Clean Your Bird Feeders

House finches in Phoenix, Arizona (photo by Kevin McGraw, Arizona State University)

In the depths of a bitter winter it’s a challenge to wade through ice and snow to refill the feeders and even more challenging to pull in those feeders and clean them.  Every day I put it off.  This message is for all of us who’ve been procrastinating.

A new study published this week in PLOS One has found a direct link between urbanization and avian infections.  The denser the human population, the sicker the birds.

Mathieu Giraudeau, Melanie Mousel, Stevan Earl, and Kevin McGraw studied canarypox and Coccidian infections in male house finches (Haemorhous mexicanus) in the Phoenix, Arizona metro area.  Like chicken pox, canarypox forms blisters on the skin.  Coccidiosis is caused by parasites in the intestinal tract, spread by infected feces or ingestion of infected tissue.  During the study, house finches with coccidiosis were found to be fatter but unable to absorb the nutrients they ate.

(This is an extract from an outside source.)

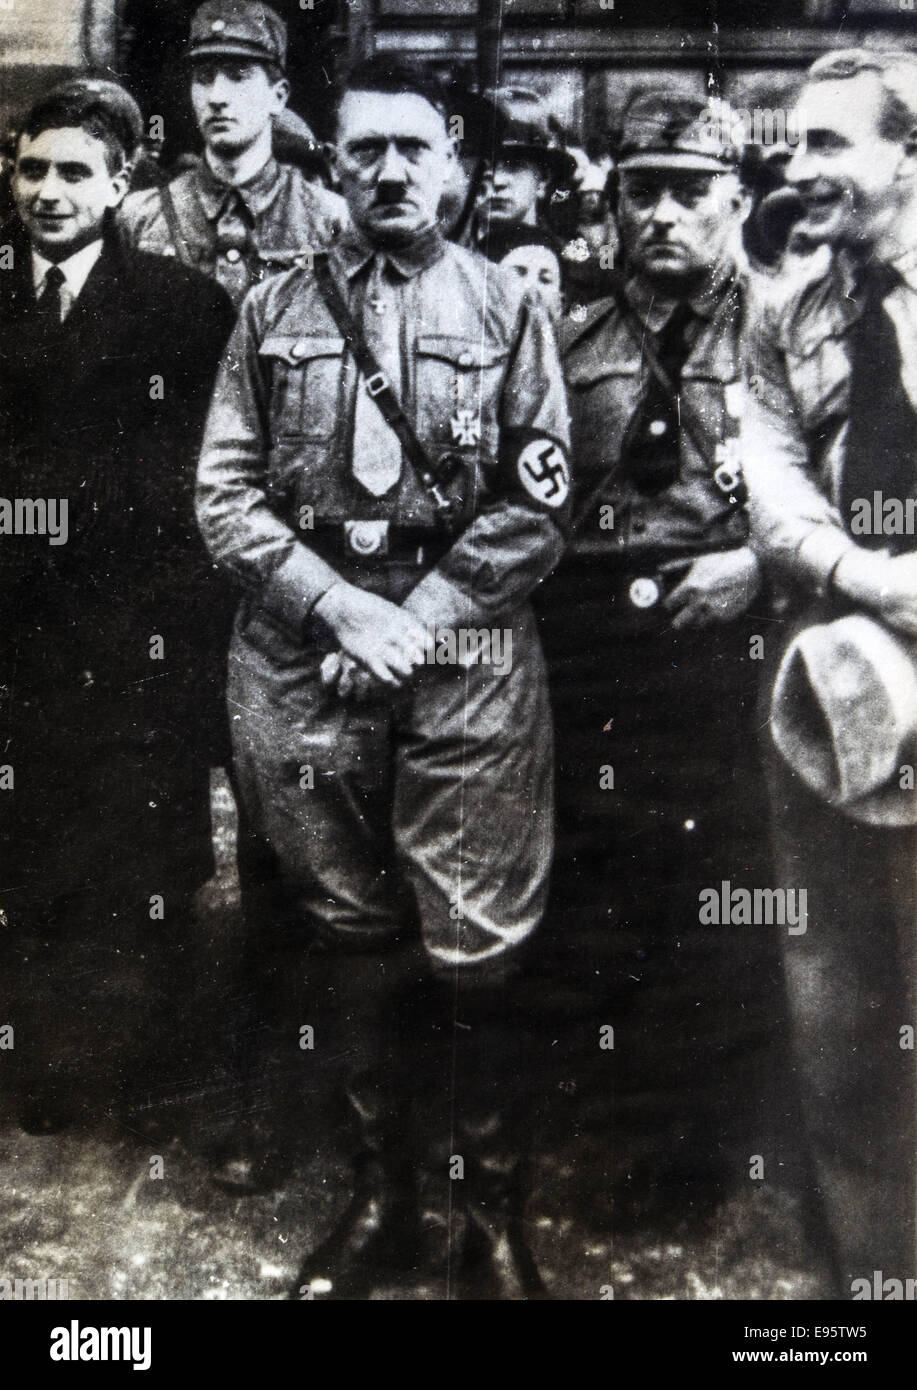 Oct. 11, 2014 - Leader of the National Socialists and later Imperial Chancellor Adolf Hitler (m) in Braunschweig in 1931. Reproduction of antique photo © Igor Golovniov/ZUMA Wire/ZUMAPRESS.com/Alamy Live News Stock Photo

At each site where they trapped and diagnosed house finches, the researchers also noted the land use patterns and habitat.  Then they looked for correlations and found:  The denser the human population and the less natural the habitat, the higher the number and intensity of infections in the birds.

Why?

According to Science Daily: “Much like the spread of human disease in populated areas, urban centers can foster increases in multiple disease types in wild animals,” said Kevin McGraw, senior author of the study. “We are now investigating the mechanism underlying this observation.”

And from the PLOS One article: “Humans may facilitate infections in these birds via bird feeders (i.e. horizontal disease transmission due to unsanitary surfaces and/or elevations in host population densities) and/or via elevations in other forms of physiological stress (e.g. corticosterone, nutritional).”

Interestingly this photo from the study may hold a visual clue to the health of these two birds.  Male house finches should have red faces like the bird on the left.  Those with yellow have not absorbed enough carotene to produce red feathers.  Perhaps the yellow-faced bird has coccidiosis.

Bottom line:  Clean your bird feeders.